🤖 AI Summary
This work addresses the limitations of existing reinforcement learning approaches for code large language models that rely on unit tests, which are often scarce and unreliable, hindering scalable training and inference. To overcome this, the authors propose CodeScaler—a test-case-free reward model for code generation—leveraging verified preference data, syntax-aware code extraction, and validity-preserving reward shaping to enable efficient scaling. Evaluated across four code benchmarks, CodeScaler outperforms execution-feedback-based RL by up to 4.23 points. Notably, when scaled to 44K problems without any test cases, it achieves a 14.64-point improvement while reducing inference latency by an order of magnitude. Furthermore, it surpasses prior methods by 3.3 points on coding tasks and by an average of 2.7 points across general and reasoning tasks in RM-Bench.
📝 Abstract
Reinforcement Learning from Verifiable Rewards (RLVR) has driven recent progress in code large language models by leveraging execution-based feedback from unit tests, but its scalability is fundamentally constrained by the availability and reliability of high-quality test cases. We propose CodeScaler, an execution-free reward model designed to scale both reinforcement learning training and test-time inference for code generation. CodeScaler is trained on carefully curated preference data derived from verified code problems and incorporates syntax-aware code extraction and validity-preserving reward shaping to ensure stable and robust optimization.
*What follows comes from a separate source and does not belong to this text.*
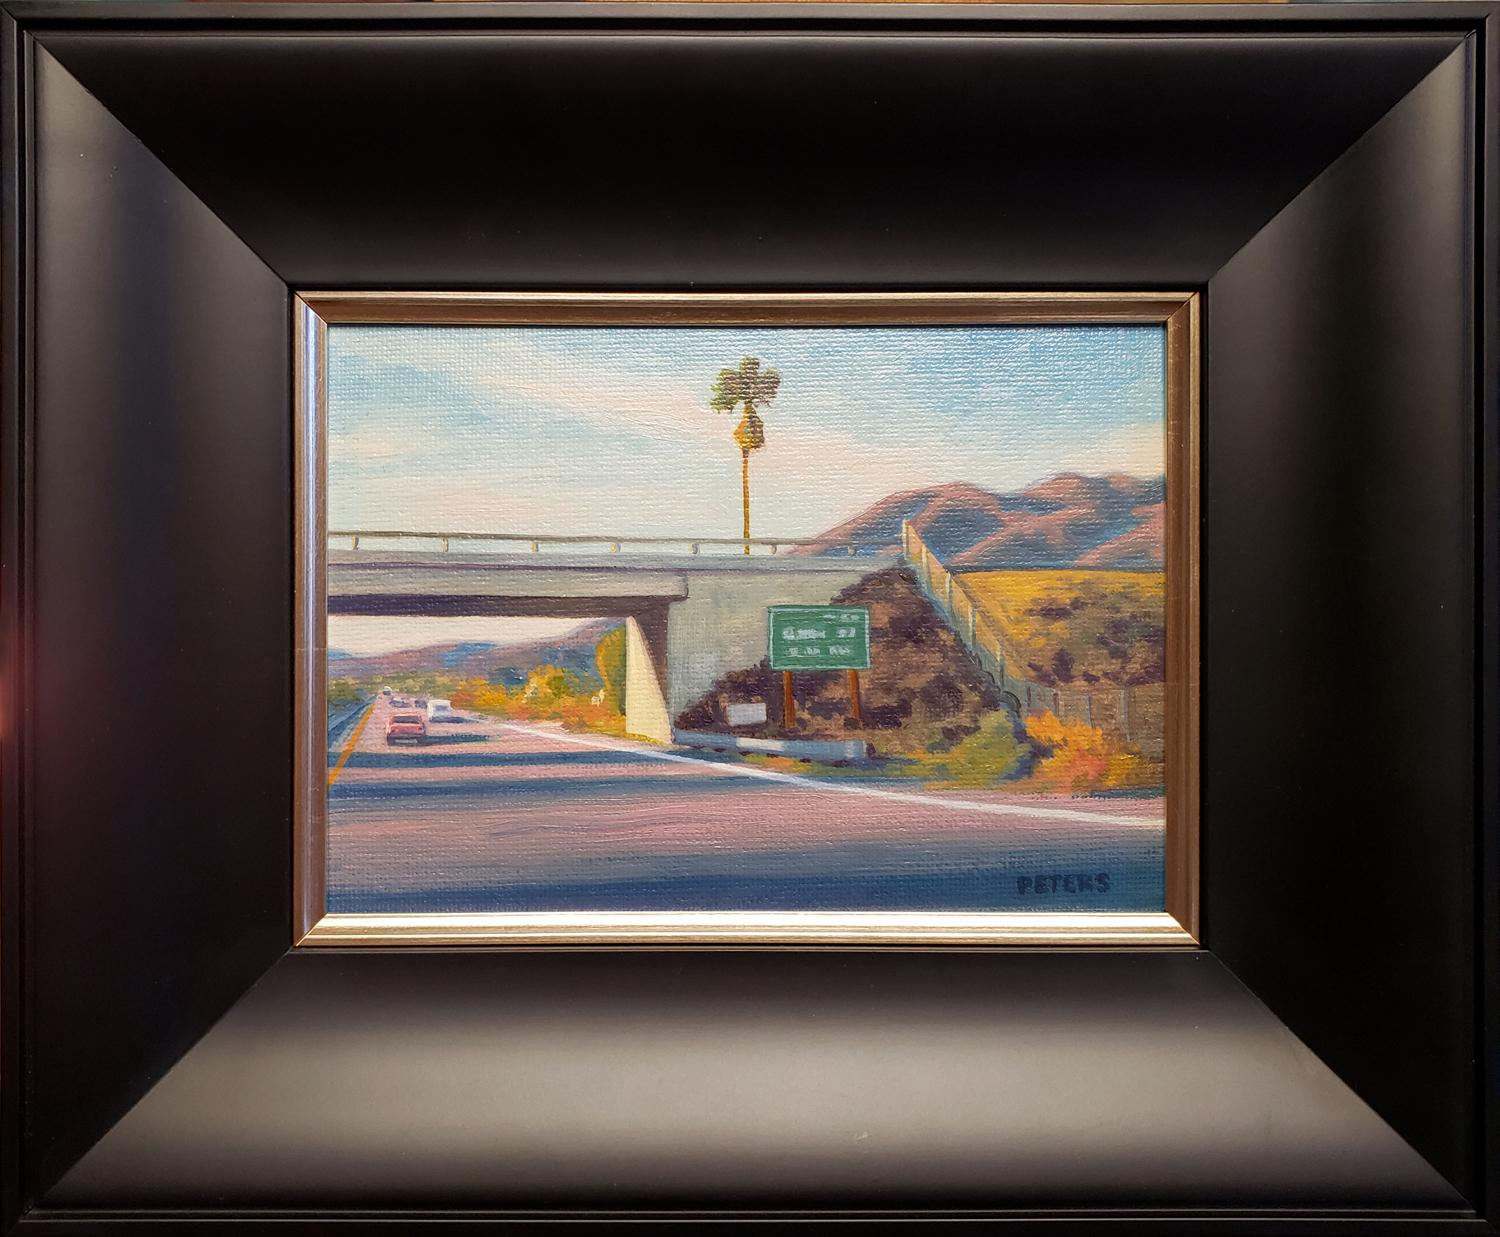 Landscape Painting Tony Peters - Palm ( palmier de Freeway)
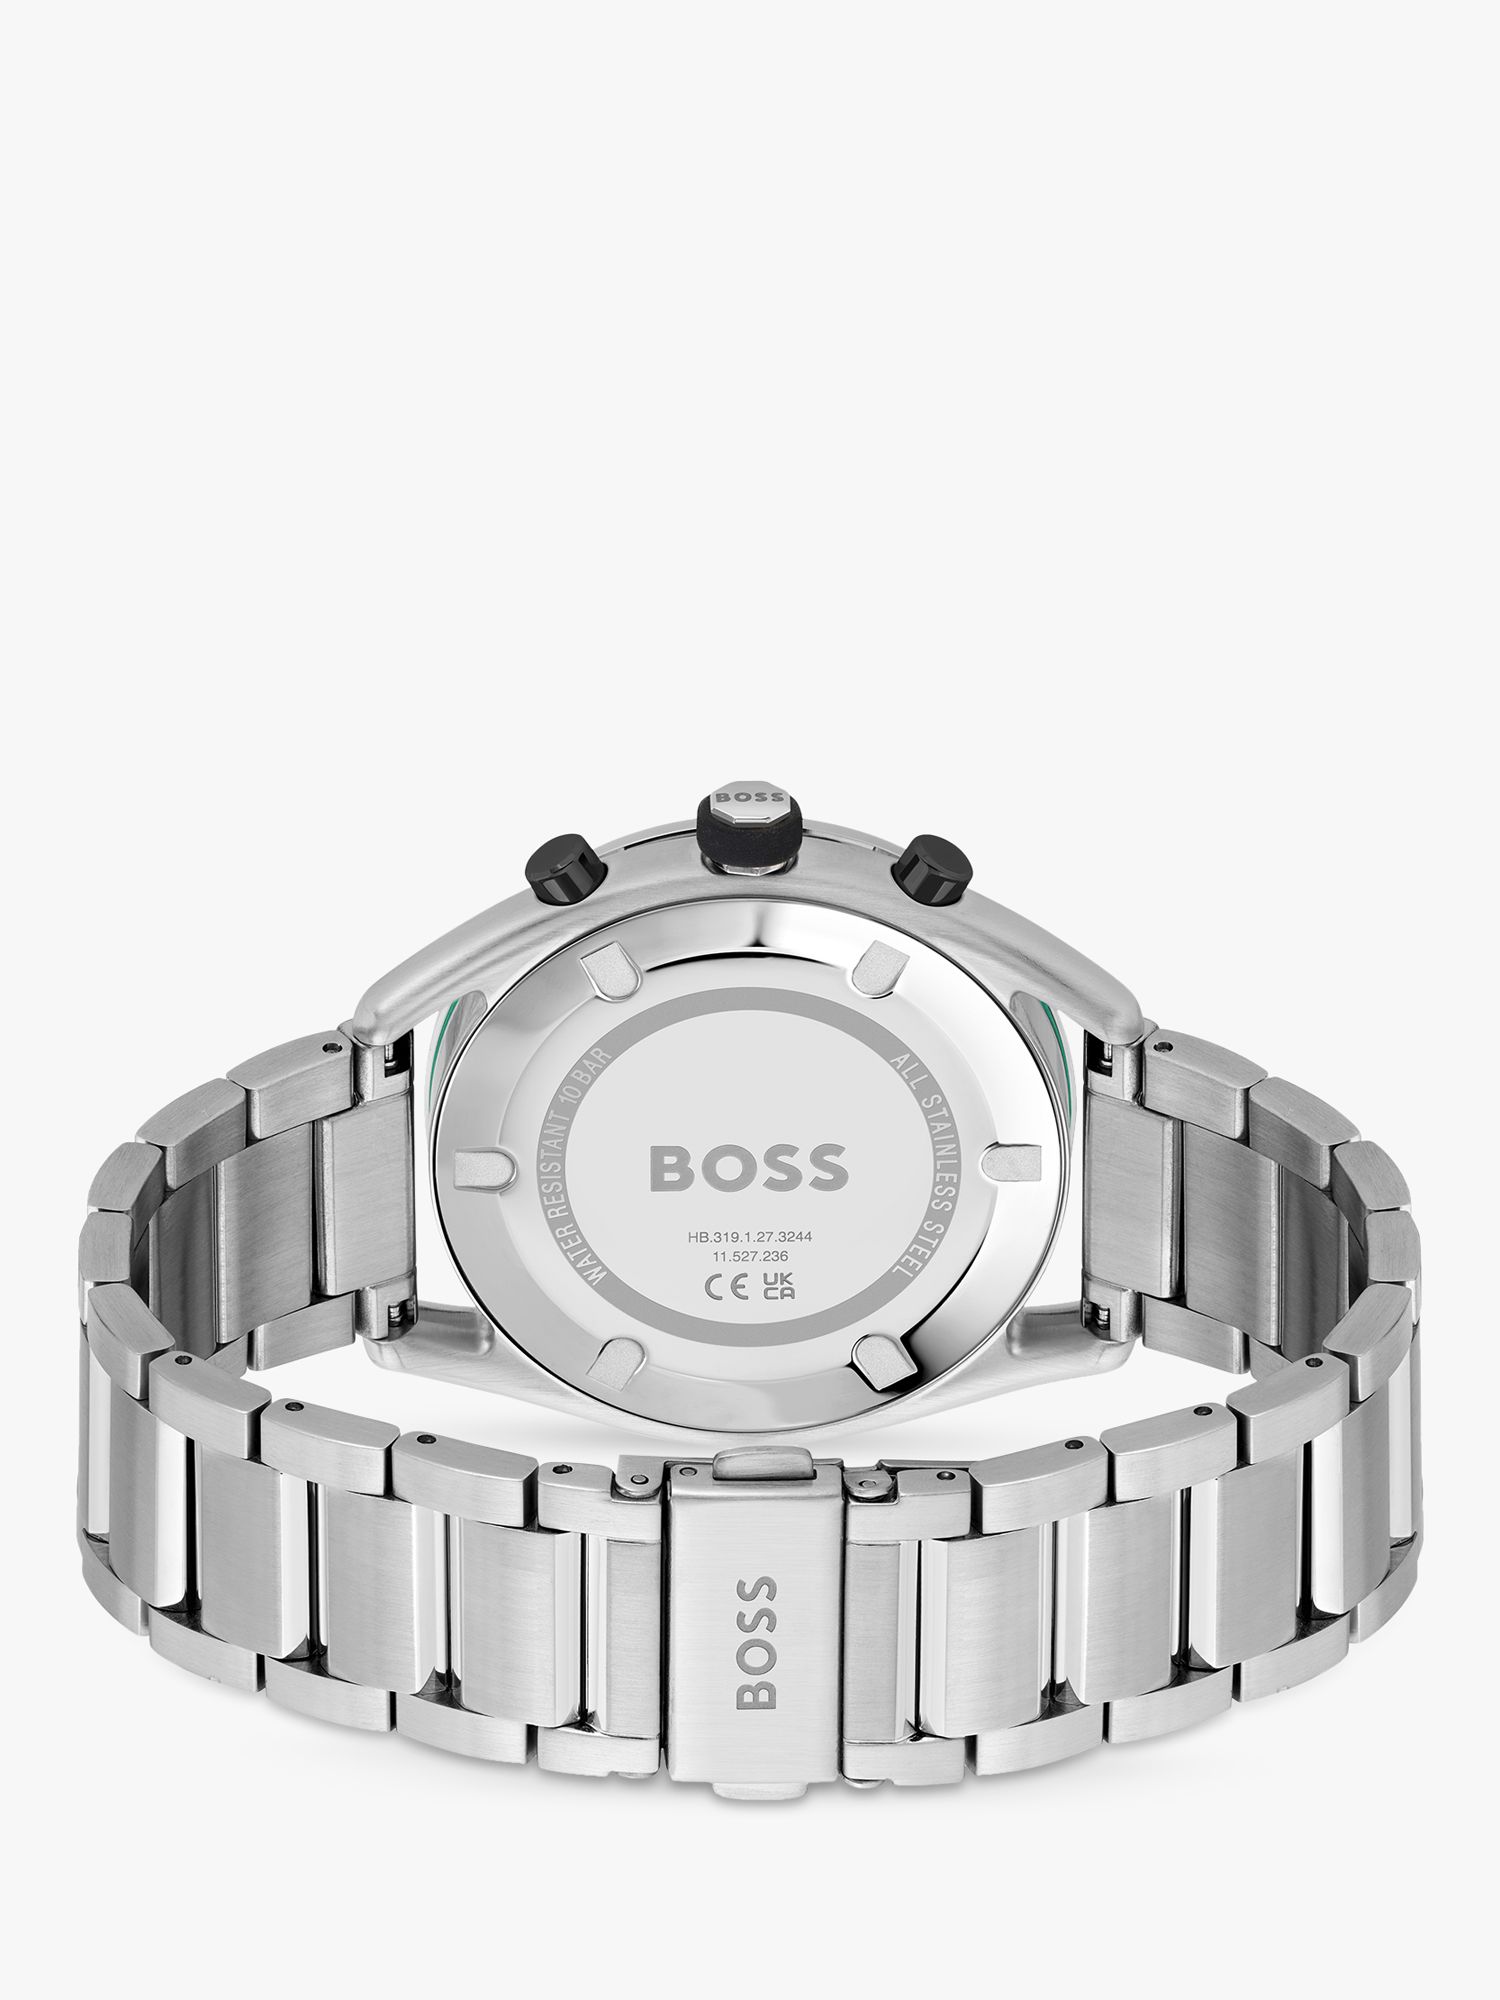 Silver/Black Chronograph Centre BOSS 1514023 Strap Bracelet Men\'s Watch, Court

Across five coding benchmarks, CodeScaler improves Qwen3-8B-Base by an average of +11.72 points, outperforming binary execution-based RL by +1.82 points, and enables scalable reinforcement learning on synthetic datasets without any test cases. At inference time, CodeScaler serves as an effective test-time scaling method, achieving performance comparable to unit test approaches while providing a 10-fold reduction in latency. Moreover, CodeScaler surpasses existing reward models on RM-Bench not only in the code domain (+3.3 points), but also in general and reasoning domains (+2.7 points on average).